New frontiers in artificial intelligence JSAI 2008 by Hiromitsu Hattori, Takahiro Kawamura, Tsuyoshi Ide, Makoto Yokoo, Yohei Murakami

This publication contains award papers from the twenty second Annual convention of the japanese Society for man made Intelligence, held in Asahikawa, Japan, in June 2008 and chosen papers from 3 co-located foreign workshops.

The quantity starts off with eight award successful papers of the JSAI 2008 major convention that have been chosen between greater than four hundred shows. they're observed by means of 18 revised complete workshop papers, conscientiously reviewed and chosen from 34 shows on the following 3 co-located foreign workshops: common sense and Engineering of typical Language Semantics (LENLS 2008), the 2d overseas Workshop on Juris-Informatics (JURISIN 2008), and the first foreign Workshop on Laughter in interplay and physique circulation (LIBM 2008).

However, if we assume the subtree is solved by a centralized MDP (in which the current state is fully observable), we cannot estimate the new synchronized belief state after communication. Thus, we assign default policies to agents whose policies are not assigned yet and estimate the new synchronized belief state after communication assuming these agents use the default policies. We can use these default policies also for evaluating the expected reward for the current k steps. In this case, the heuristic function is no longer admissible, but it can prune more nodes and the run-time can be reduced.

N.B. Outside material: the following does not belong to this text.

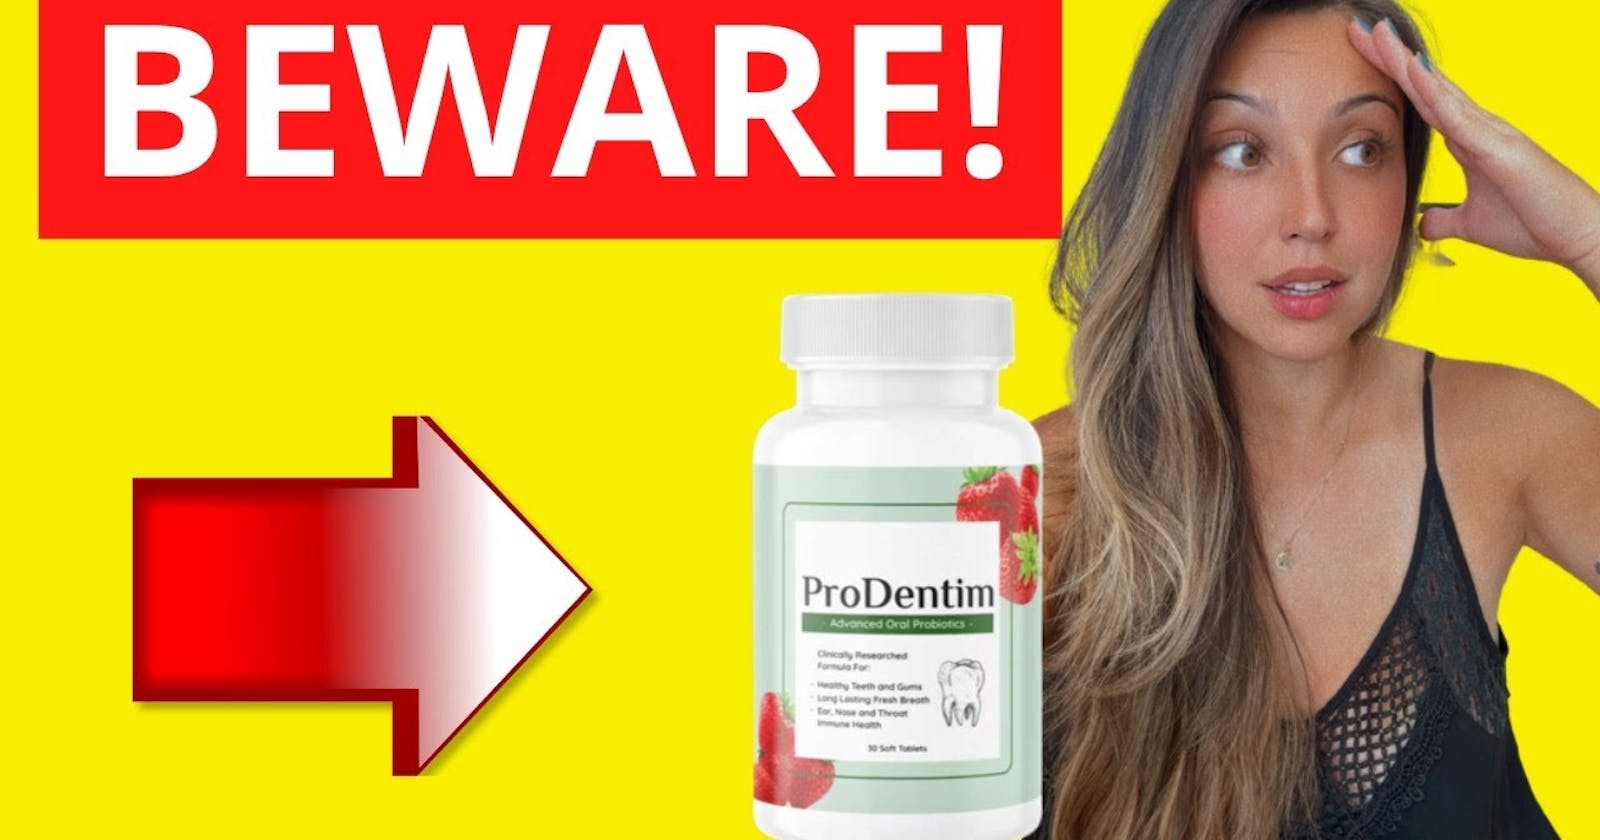 ProDentim - Dental Results, Benefits. Uses, Price And Ingredients?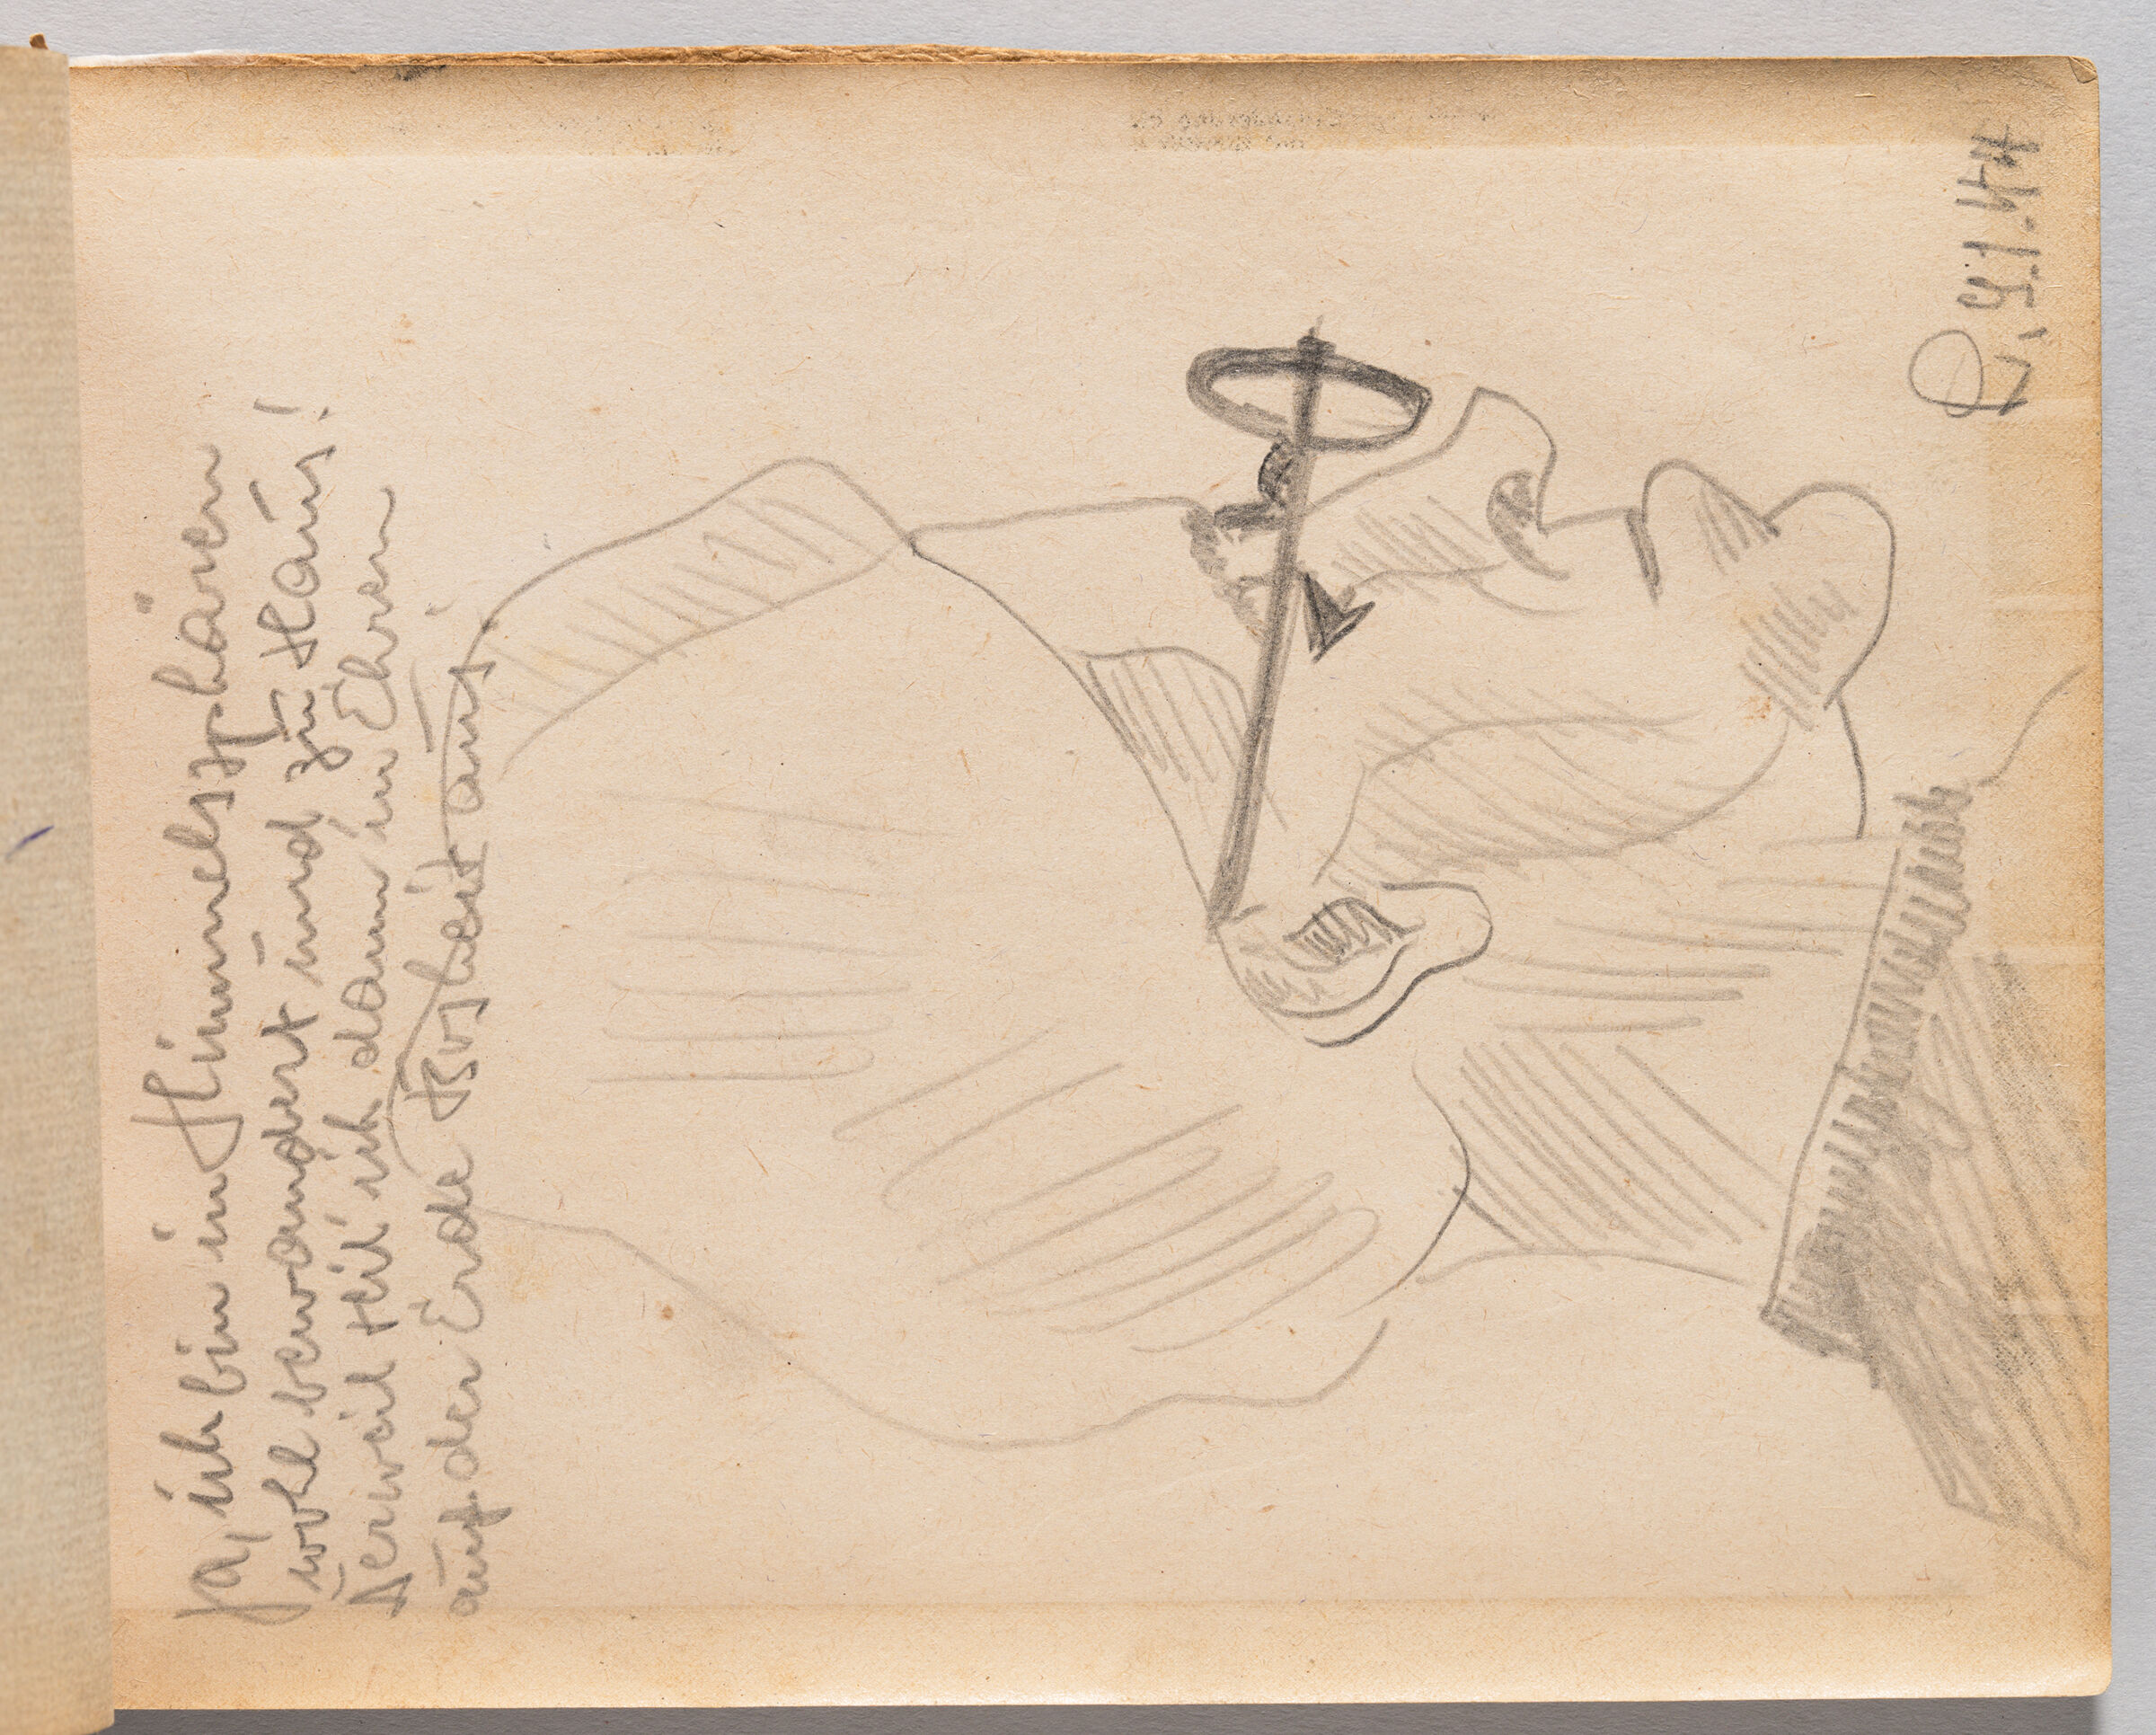 Untitled (Blank, Left Page); Untitled (Portrait Of Woman In Profile, Right Page)

However, the number of joint (small) policies grows exponentially to the length of the time horizon. To overcome this problem, we introduce an idea that resembles the Point-based Value Iteration (PBVI) algorithm [9] for single agent POMDPs. More specifically, we use a fixed number of representative belief points and compute the k-step optimal joint policy for each representative belief point. By using a fixed number of representative belief points, the obtained policy can be suboptimal. However, as shown in [9], we can bound the the difference between the obtained approximated policy and the optimal policy.

Based on the area it is scanning, each sensor receives observations that can have false positives and false negatives. Sensors’ observations and transitions are independent of each other’s actions. Each agent incurs a scanning cost whether the target is present or not, but no cost if it is turned off. There is a high reward for successfully tracking a target. 1 Existing Algorithms LID-JESP The locally optimal policy generation algorithm called LID-JESP (Locally interacting distributed joint search for policies) is based on DBA [10] and JESP [3].